Remember that the posterior probability of a model parameter is a combination of the likelihood of the data given you model, plus the prior likelihood of the parameters under consideration. Let’s say we want to just fit the mean of a normal distribution to data, given a prior for \mu (i’ll fix \sigma = 10 for the whole example):

data = array([1001.61756508,  990.70212629,  987.0993676 , 1008.14709909,
       1001.97173387, 1003.18130839,  994.49818489,  989.82015916,
       1000.32589588,  998.04014088])

We choose a prior for the mean whose scale is not suitable for for this data, \mu \sim N(0, 1). From Bayes law, we know that:

P(\mu | data) \propto P(data | \mu) P(\mu)

Or, in logs:

\log P(\mu | data) \propto \log P(data | \mu) + \log P(\mu)

So if we choose a “reasonable” \mu given our prior, let’s say \mu = 0, we will have:

\log P(data | \mu = 0) = -49788.61
\log P(\mu = 0) = -0.91
\log P(\mu | data) \propto \log P(data | \mu) + \log P(\mu) = -49788.61 - 0.91 = -49789.52

As you can see, the likelihood term, \log P(data | \mu), is very negative, because it’s basically impossible that a N(0, 10) distribution generated this sample of data. On the other hand, \log P(\mu = 0) is very large, because 0 is right at the mode of the prior distribution.

Now what happens if we choose the correct \mu=1000 for this sample? We end up with:

\log P(data | \mu = 1000) = -34.58
\log P(\mu = 1000) = -500000.91
\log P(\mu | data) \propto \log P(data | \mu) + \log P(\mu) = -34.58 - 500000.91 = -500035.49

The model actually prefers the \mu=0 solution to the correct solution! The likelihood term has improved a lot – the probably of seeing this data given \mu=1000 increased by a factor of 1000, but we judge the probability of seeing \mu = 1000 given our prior belief that \mu \sim N(0, 1) to be wildly impossible. This is the “drowning out” effect that I mentioned in my previous post. If we try to fit this model in PyMC, we will not learn the correct mean:

import pymc as pm
import arviz as az

with pm.Model() as m:
    mu = pm.Normal('mu', 0, 1)
    y_hat = pm.Normal('y_hat', mu=mu, sigma=10, observed = data)
    idata = pm.sample()

az.plot_trace(idata)

You can see that the posterior trace has shifted towards the true value of \mu=1000, but the solution is extremely over regularized, because our prior on \mu was so mis-matched to the scale of the data.

Prior predictive simulations would reveal this problem by showing us that our model never generates data on the scale of 1000. If we knew that this was the scale of the data – say we were studying the weight of elephants or whatever – this would be our signal to revise our priors to include the relevant scientific information.

I got it. Thanks for your patient answer.
I have learned prior and posterior predictive checks. Is it hard to use in a custom likelihood function?

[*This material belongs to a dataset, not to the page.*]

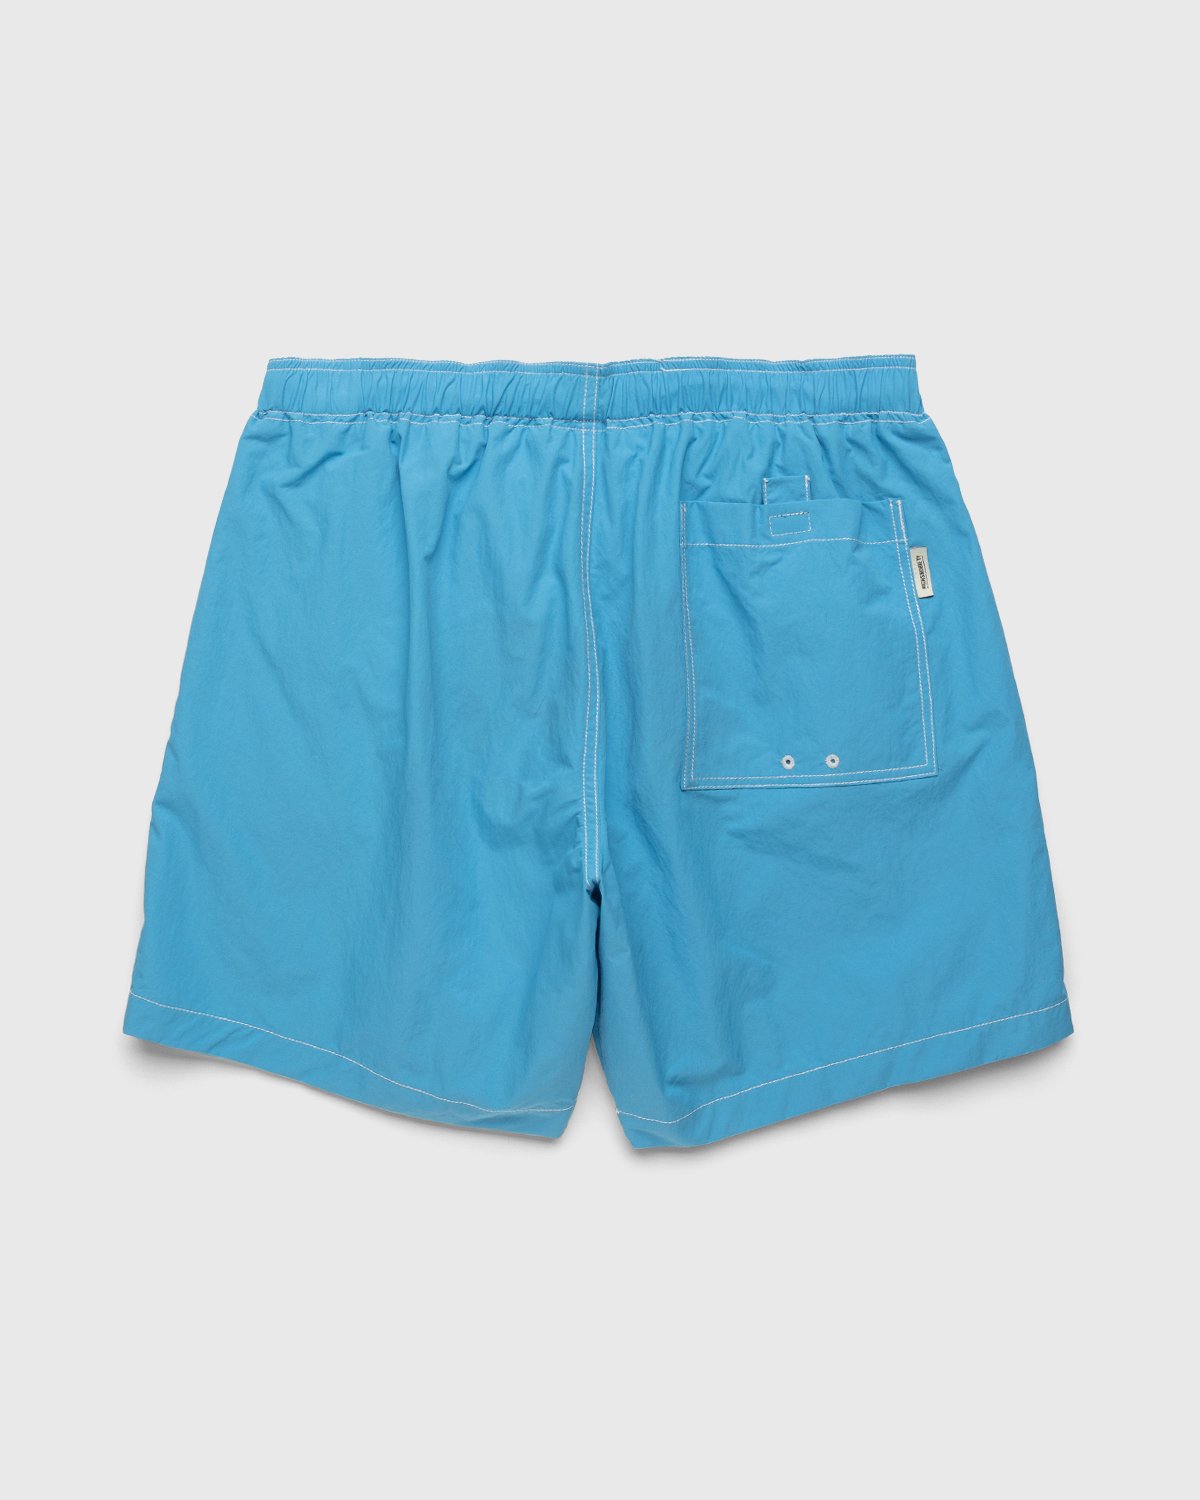 Highsnobiety - Contrast Brushed Nylon Water Shorts Blue - Clothing - Blue - Image 2

BTW, I uploaded my code and a document which may describes my model and priors better. I’d really appreciate it if you could take a look.
I use pymc 5.10.0 in windows.
To run my code. You should install a chemistry library through:
conda install -c conda-forge cantera
And I have another error the same as posted in Can you try setting cores=1 in pm.sample?
I install pymc with conda in a new env. I donnot know how to handle it. so I set pm.sample(cores=1).